Oral iron is the first-line supplementation; however, its efficacy often is limited by poor intestinal absorption. Unfortunately, increasing the dose of oral iron does not improve efficacy. This was shown in a randomized controlled trial (RCT) comparing 1 versus 2 daily capsules of ferrous sulfate (34-mg elemental iron per capsule) for treatment of iron-deficiency anemia in pregnancy. After 18 weeks of treatment, there was no difference in hemoglobin and ferritin levels between women taking 1 or 2 capsules daily.
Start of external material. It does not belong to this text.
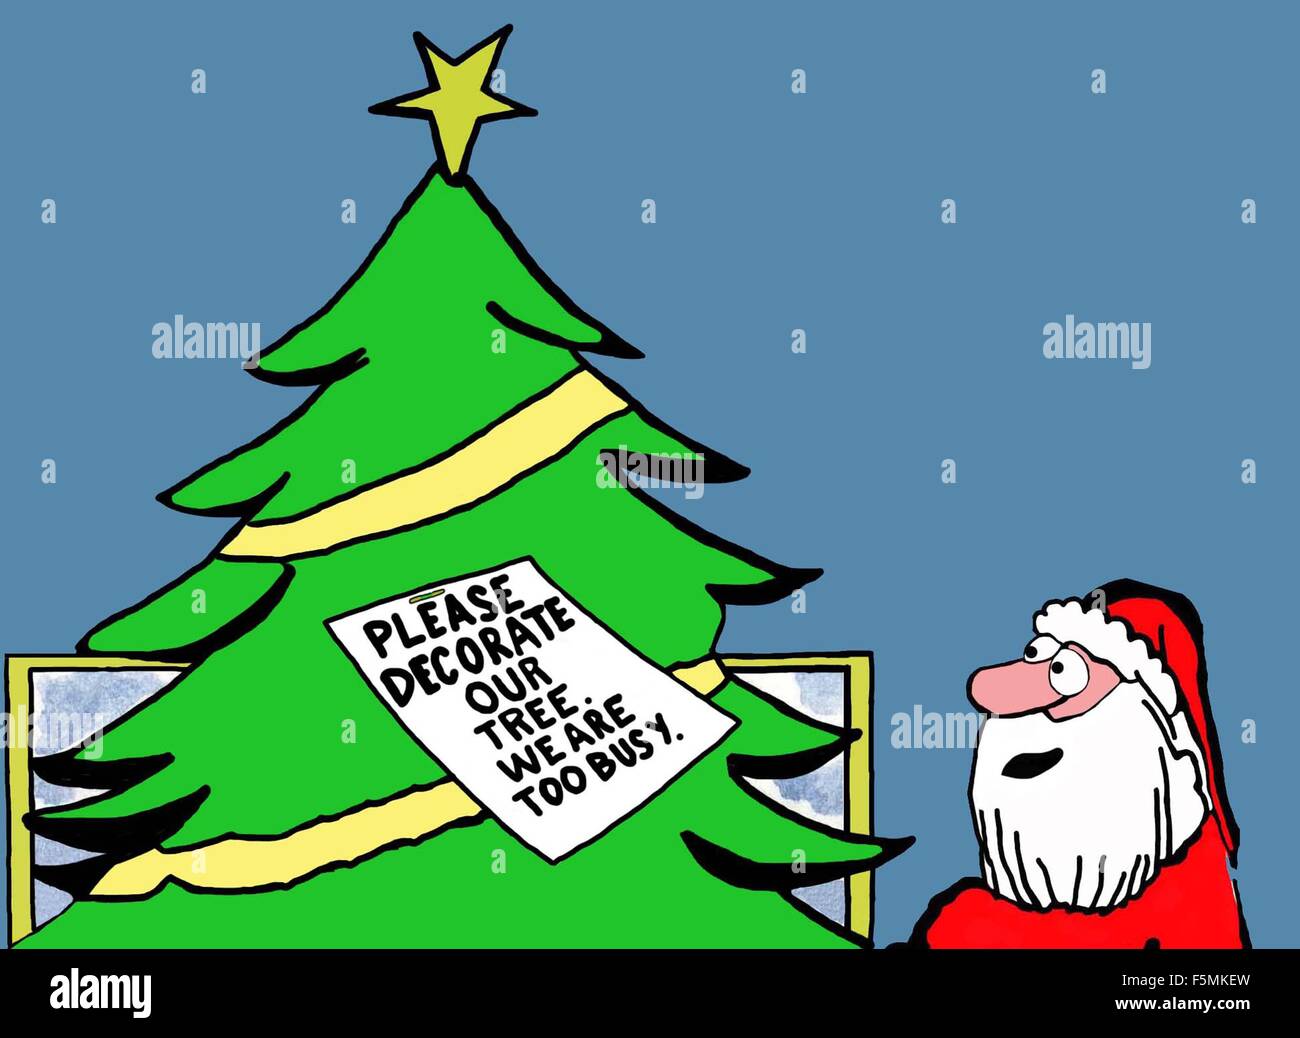 Weihnachten Cartoon von Santa Blick auf einen leeren Baum.  Ein Hinweis darauf liest "bitte unser Baum schmücken.  Wir sind zu sehr damit beschäftigt ". Stockfoto

A possible explanation is that higher and more frequent doses of oral iron leads to increased production of the hormone hepcidin, which inhibits dietary iron absorption to prevent further iron loading.18,19 For this reason, some experts have begun recommending alternate-day dosing (taking iron every other day rather than every day) because it appears to result in equivalent or better iron absorption with fewer adverse effects.20

Oral iron supplements are often poorly tolerated by patients, with common adverse effects such as nausea and constipation. In such cases, alternate-day dosing of oral iron may be particularly helpful to reduce side effects and increase compliance, compared with daily or twice-daily dosing.18,20

To further decrease adverse effects, patients often seek enteric-coated or timed-release formulations of oral iron, but these may have reduced absorption in the distal duodenum and proximal jejunum, impairing treatment. Historically, it also has been taught that oral iron may have enhanced absorption when taken together with a vitamin C supplement, but a recent RCT found that this approach provided no benefit compared with oral iron alone.21

Table 2. IV Iron Formulations and Standard Dosing and Monitoring Recommendations

Table 2. IV Iron Formulations and Standard Dosing and Monitoring Recommendations

Intravenous (IV) iron formulation, which bypasses the limited intestinal absorption of oral formulations, is becoming an increasingly available option for patients with iron deficiency. IV iron may increase iron stores more quickly than oral iron, but it remains underutilized in pregnancy due to cost and perceptions of risk.22 Like oral iron, numerous IV iron formulations are available with various dosing and monitoring recommendations (Table 2).

Iron sucrose is the most widely available option, particularly in the hospital setting, and it has a long history of use in pregnant women with a favorable safety profile. The primary drawback with iron sucrose is that unlike newer IV iron formulations, which may require only 1 or 2 infusions, iron sucrose is a multidose regimen that usually requires 4 or 5 infusions to replete iron stores, depending on the total iron deficit. Most pregnant women with moderate to severe iron-deficiency anemia have an iron deficit of 1000 mg or more, but the calculation of total body iron deficit (bodyweight in kg×[target hemoglobin level – actual hemoglobin level in g/dL]×2.45) can help determine the exact need.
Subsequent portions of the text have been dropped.